Judas and the Black Messiah (2021) – Movie Review

I Am A Revolutionary

As Fred Hampton himself declares in this biopic, “You can murder the freedom fighter but you can’t murder freedom.” Vilified for their role in trying to bring about equality, the Black Panthers found themselves fighting an uphill battle against the authorities. Desperate to maintain the established order, this party fought back and were punished for doing so.

Despite the prestige and attention surrounding Judas and the Black Messiah, this movie is not actually about Fred Hampton. Despite Kaluuya’s undeniably charismatic role, the spotlight falls on the “Judas” of this tale, Bill O’Neal.

Caught impersonating a police officer, Bill is put in a difficult position by FBI Agent Mitchell and J. Edgar Hoover. With the Black Panther Party gaining momentum – and crucial public acceptance – the duo task him with infiltrating the party. Quickly rising up the security ranks, Bill is blackmailed into feeding back crucial intel that can be used to mount a counter-offensive against this “terrorist” organization.

Of course, that’s easier said than done and as Bill starts to get to know these men and women, he inevitably winds up conflicted.

The film itself is incredibly well acted and both Daniel Kaluuya and LaKeith Stanfield help elevate this biographical drama. Kaluuya in particular is sublime as Chairman Fred Hampton, with some of his speeches likely to send goosebumps down your spine. They’re really well written. In fact, these speeches essentially serve as the thread that holds this movie together.

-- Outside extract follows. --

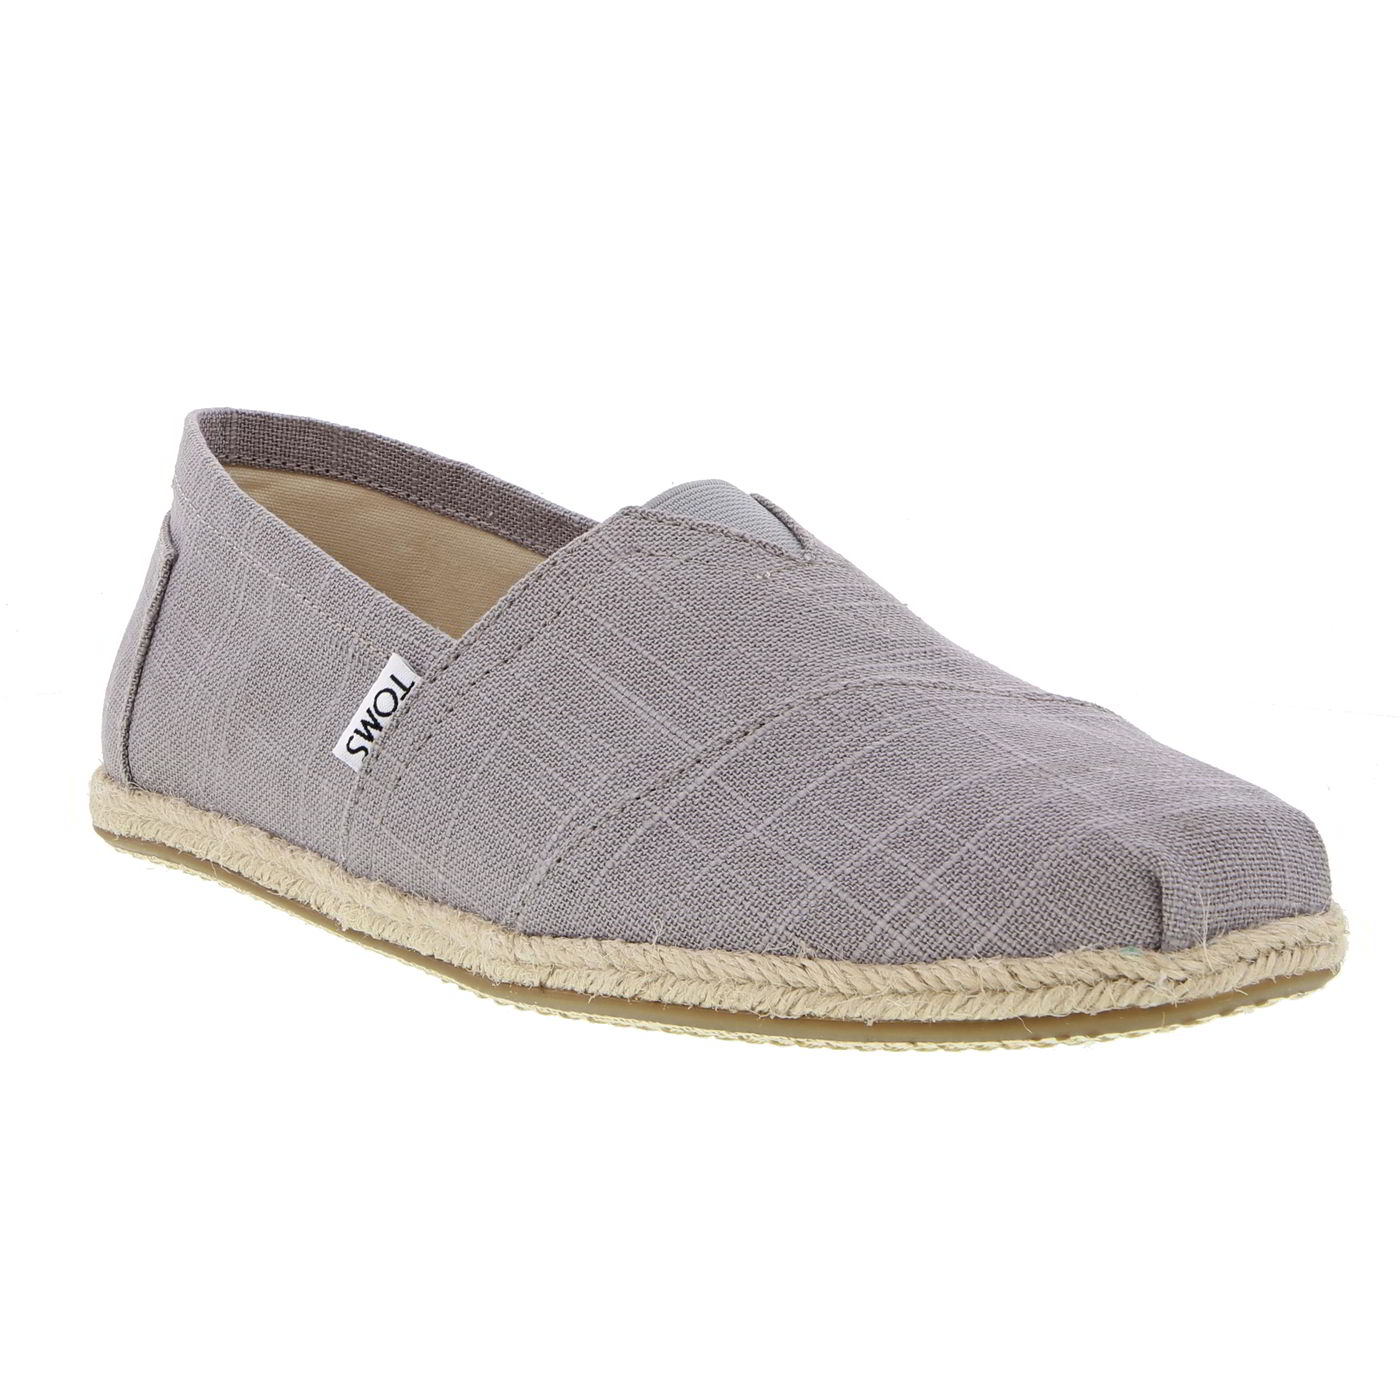 TOMS Toms Mens Classic Alpargata Espadrille Shoes - Grey Linen 2951

There’s a really interesting dynamic shift with Bill every time Fred rallies the people. All of this builds up to a moving speech, with the mantra of “I Am A Revolutionary” actually repeated by Bill himself. It’s a subtle inclusion but one that works incredibly well in the context of the film – and its central characters.

Where the film is less successful however, is in its character development for the supporting players. There are a lot of different members of the party but none of them really get that much time in the spotlight. While it’s understandable, given the emphasis on both Fred and Bill’s struggle, it still would have been nice to see that extra layer of depth.

For those familiar with this story, Judas and the Black Messiah pulls no punches. There’s no distortion of history or crazy twists, this is quite simply an important chapter in history that’s retold as faithfully as possible.

This is a tale of revenge, greed, xenophobia and love, one that builds up to a shocking and thought provoking climax meant to be pondered long after the theatre lights turn on.

On the same note of praise, this movie just so happens to have the best trailer of any picture released in 2021 so far. Even if you don’t get around to watching this flick, please watch the trailer above because it really is stunning.

Overall though, Judas and the Black Messiah is an informative and important drama well worth checking out. While it is a little slow at times and could have done with some depth for the supporting characters, this is a timely and important biopic nonetheless.